Chapter 1

The leaves burned an incandescent green. Along the street, maples especially, a few liquid amber, and other suburban front lawn trees with gibbous, grey trunks and pronged leaves, stood lined and at attention. It was a sterling crop, an outstanding class. Except for the Madison's tree, who hunched and torqued just outside the bounds of etiquette. Here was a tree that, you could just tell, would have used the meat fork for his salad, a tree worthy of Mrs. Prig's disdain. (Mrs. Prig was the greying, school marm fixture at local Jefferson Elementary. She must have sprung from the headache of the contractor who built the school; not even the school administration could pinpoint the start of her tenure at Jefferson. She padded quietly around the school halls in worn ballerina shoes. Behind her gaudy rhinestone spectacles that hung on a gold chain, some of the plating flaking off, she would intone nasally, "Which one of you bad apples is going to spoil the rest of the bushel?")
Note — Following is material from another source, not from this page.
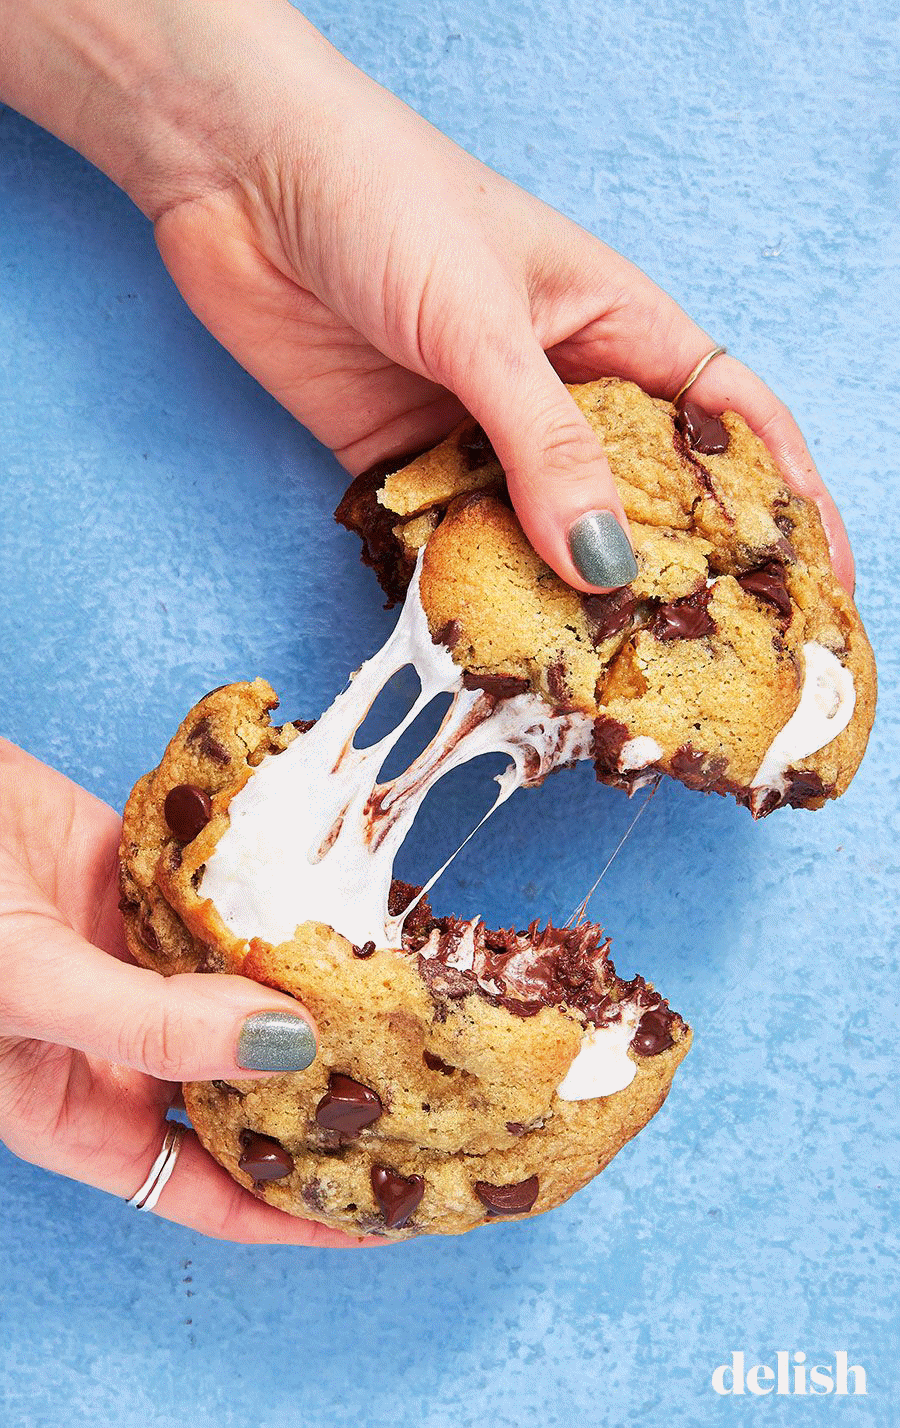 no joke these cookies are stuffed with marshmallow and gif small

Vivid trees and lawns, multi-hued rose gardens, children's toys and balls, and pastel houses radiated the flustering intensity of early spring. Strokes of color laced the twilight sky. An ephemeral red, like the flush of anger, bled into a disarming orchid violet. The elves who make rainbows pleached and interspersed faded school bus yellow among the wispy clouds.

This hushed family street in the incipience of spring had been named Lemon St. by someone at some point. Situated perfectly east-west as the sun travels, it afforded a dazzling view of the sunset, although no one seemed to be watching it at the moment.

In finger-painting class, kids get caught up in the potential of such a vast array of colors. In their excitement they daub orange and green and blue and pink, some of this and some of that, expecting a resultant brilliance. What they get is brown. Dull, mud puddle, manure, disheartening brown.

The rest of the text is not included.